Дима нервно улыбнулся в ответ.

— Не можешь. Без меня ты недалеко уйдешь, дружок. И потом, кабинет отца Зосимы полон материальных ценностей, и потому усиленно охраняется. Незнакомому человеку он ни за что не откроет.

Звонок помолчал.

— Ладно, — сказал он. — Подождем до вечера.

Женщин он запер в подвале, что только вызвало вздох облегчения у Димы, потому что он смертельно опасался, как бы в сердце Звонка не возникли сексуальные мотивы. Что бы он мог тогда сделать? Потом, когда вернулись из школы сыновья Алевтины, счастливые тем, что победили своих соперников в волейбольном матче, Звонок и их затолкал в подвал, к матери. Старший, Вася, попытался было оказать сопротивление, и Звонок его избил. Бил он его без ненависти, но очень умело. Это походило на то, как серьезный ученый режет лягушку. Дима вмешаться не мог, потому что к приходу мальчиков и сам был заперт на кухне и наблюдал за всем через окно кухонной двери. К счастью, хозяин дома, агроном Приспелов, до самого их ухода так и не появился.

Дом они покинули в одиннадцатом часу, когда жизнь села затихла и народу на улице, несмотря на воскресенье, было немного. Перед выходом Звонок заставил Диму снять подрясник, куртку и скуфью и надел все это на себя, самого Диму нарядив в свою куртку и шерстяную шапочку.

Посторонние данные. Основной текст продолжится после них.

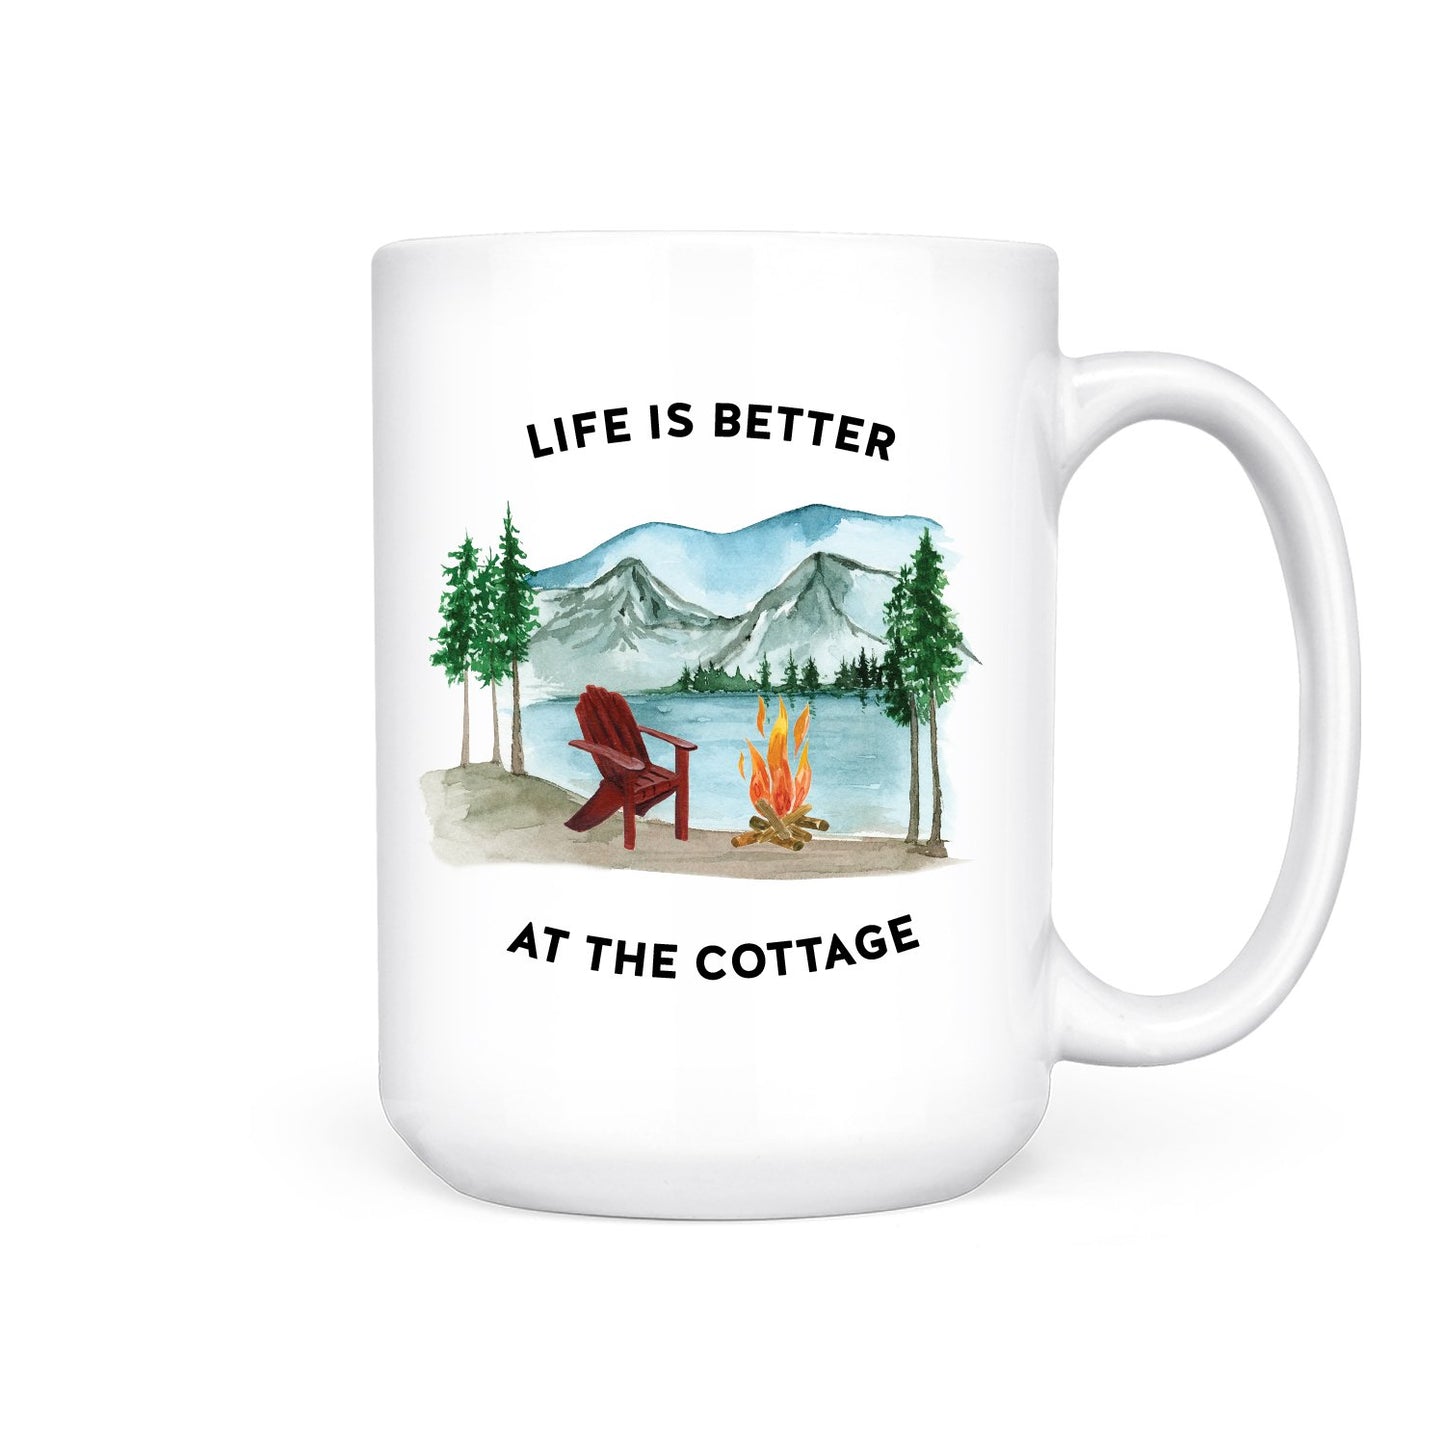 LIFE IS BETTER AT THE COTTAGE | MUG
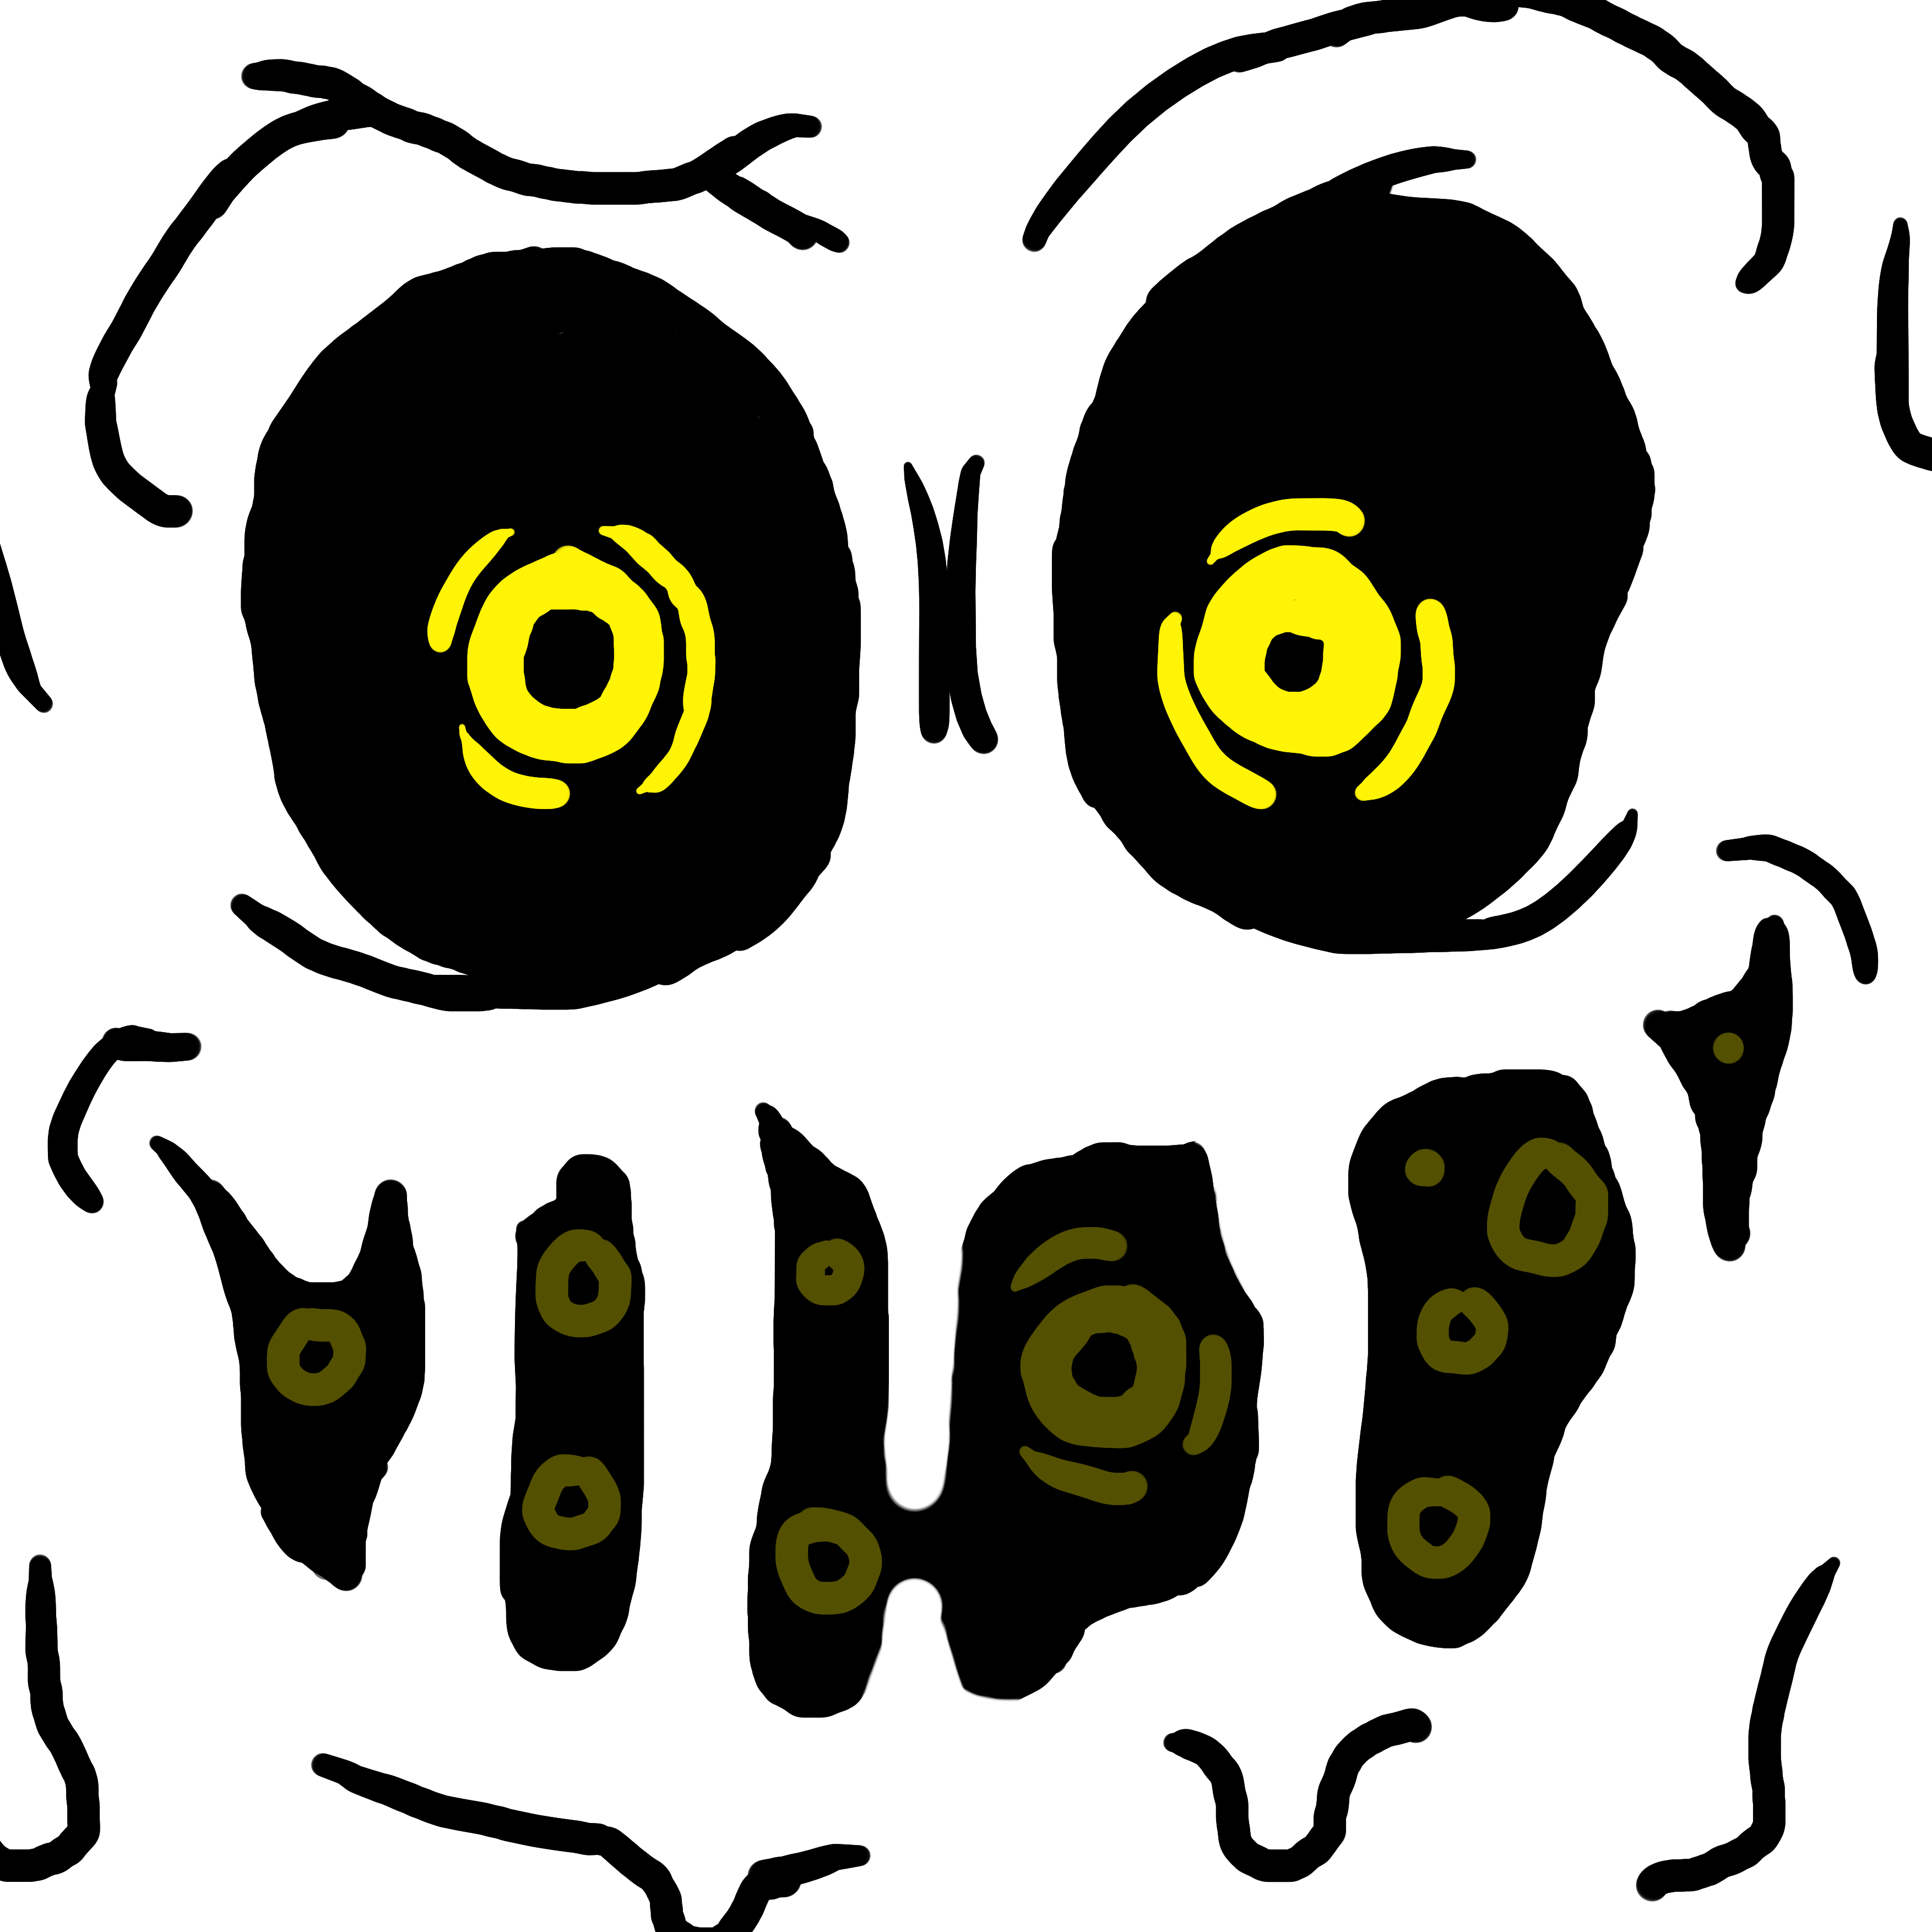 An icon of Delirium from the The Binding of Isaac, created by Ethan Edelen.

— Если в нас будут палить, — сказал он при этом, то пусть уж убивают тебя, дружище.

Дима ничего не ответил, подумав о том, что, если все кончится благополучно, то монастырское одеяние придется заново освящать, как подвергшееся скверне.

Шли молча, выбирая самые глухие улицы, и только когда уже подходили к монастырю, повстречались с компанией молодых парней и девушек. Пока шли мимо них, Дима ощущал острие ножа, воткнувшееся ему в бок. Звонок предпочитал не рисковать.

На воротах стоял опять Григорий. Время было позднее, ворота пора было закрывать, и, когда он увидел Диму в мирском облачении, он от возмущения не смог сказать ни слова.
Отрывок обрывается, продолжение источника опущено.